*** Data provided Section Begins ***

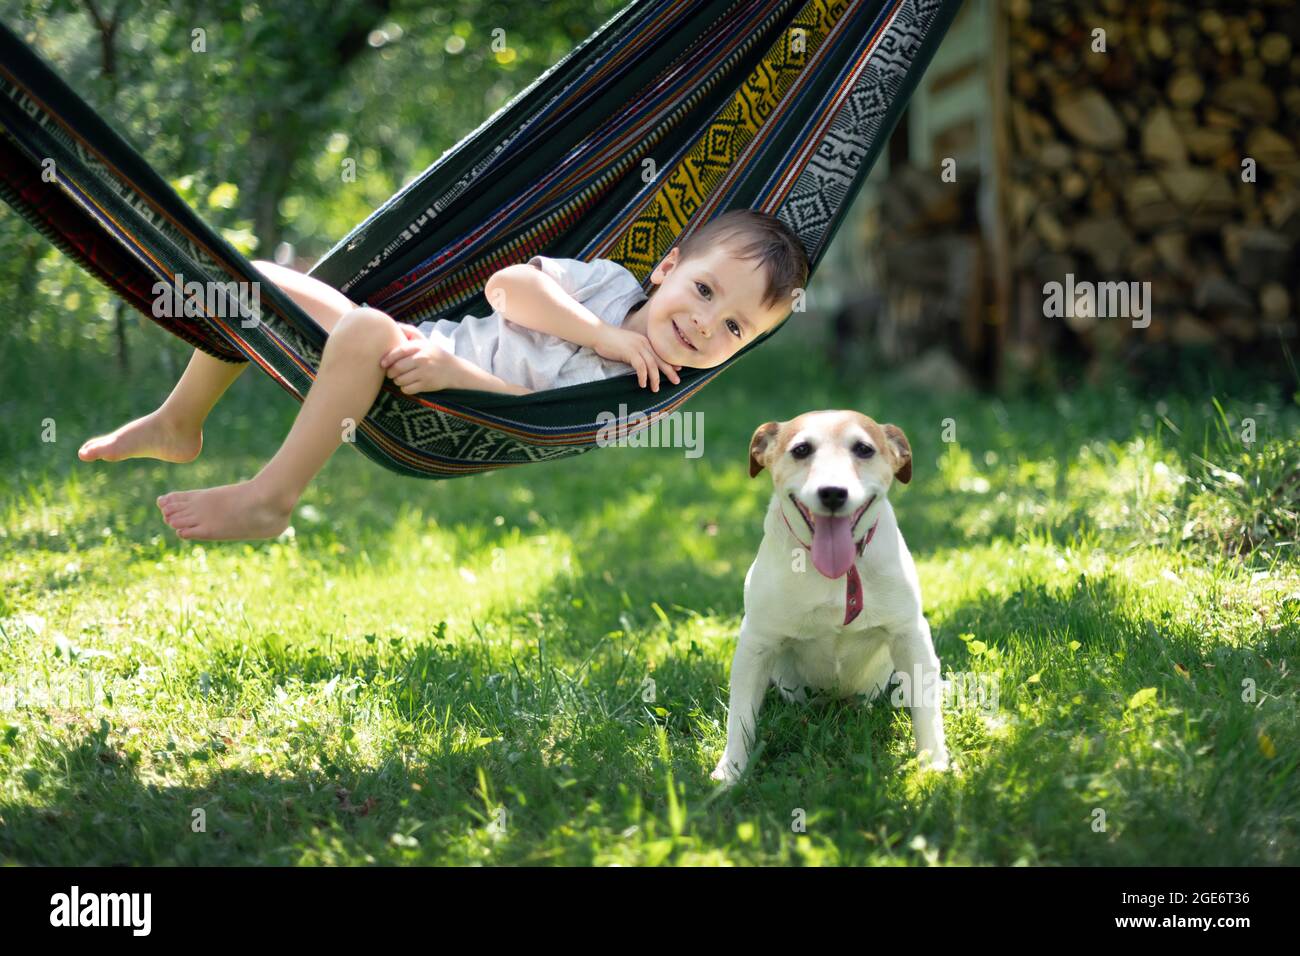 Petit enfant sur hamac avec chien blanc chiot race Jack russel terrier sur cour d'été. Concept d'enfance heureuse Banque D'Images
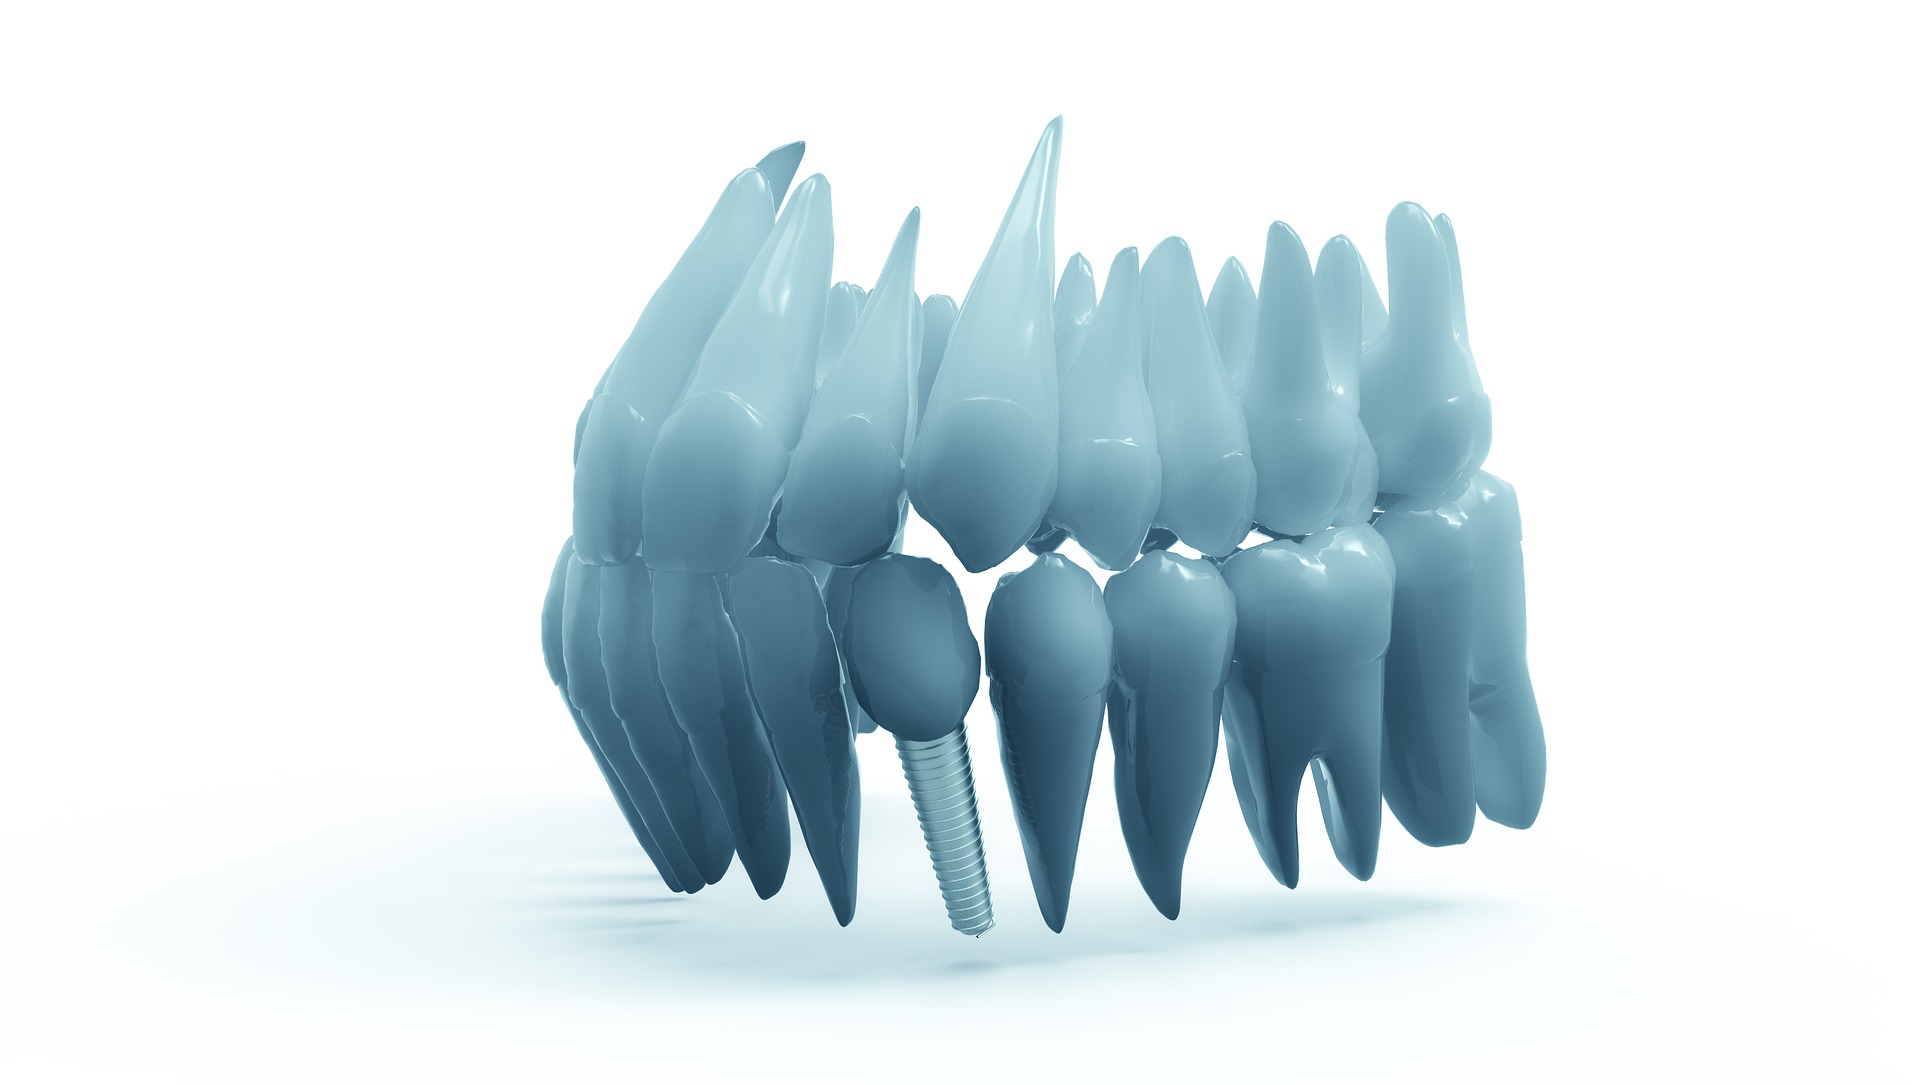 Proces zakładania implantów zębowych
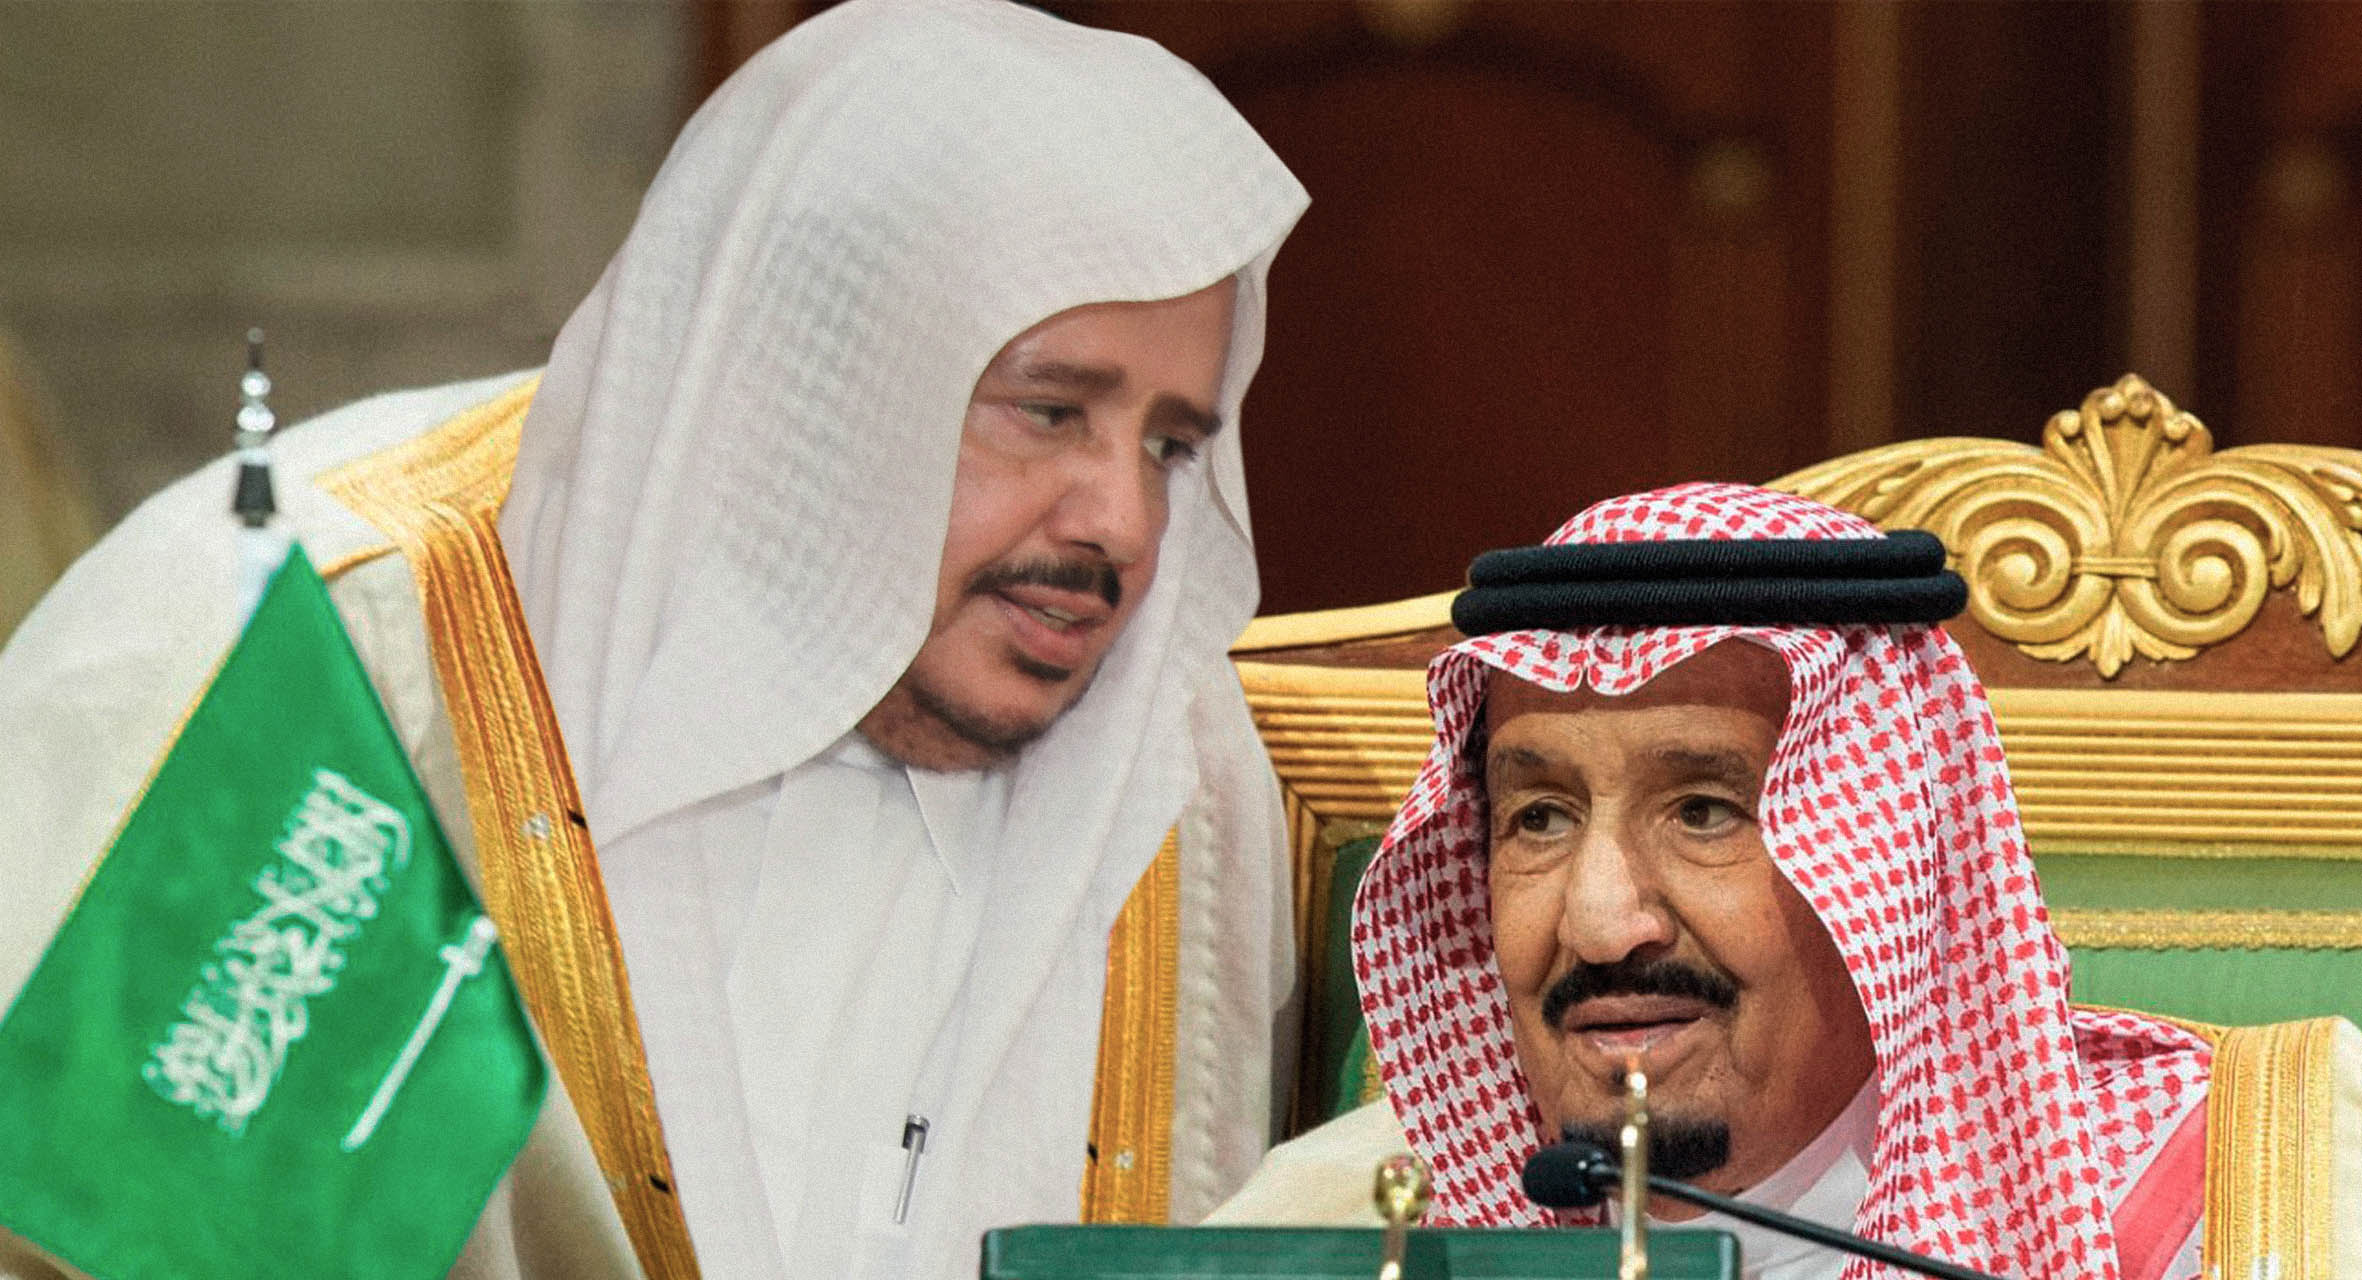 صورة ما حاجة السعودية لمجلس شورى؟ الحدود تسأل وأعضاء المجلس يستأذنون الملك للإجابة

*** Data provided Section Ends ***

Exercise instructions >> All lines from the one holding "Proces zakładania implantów zębowych" through the last line of the material above should be set down exactly, and the pictures should be left out.

Output for this exercise >>
 Proces zakładania implantów zębowych
 صورة ما حاجة السعودية لمجلس شورى؟ الحدود تسأل وأعضاء المجلس يستأذنون الملك للإجابة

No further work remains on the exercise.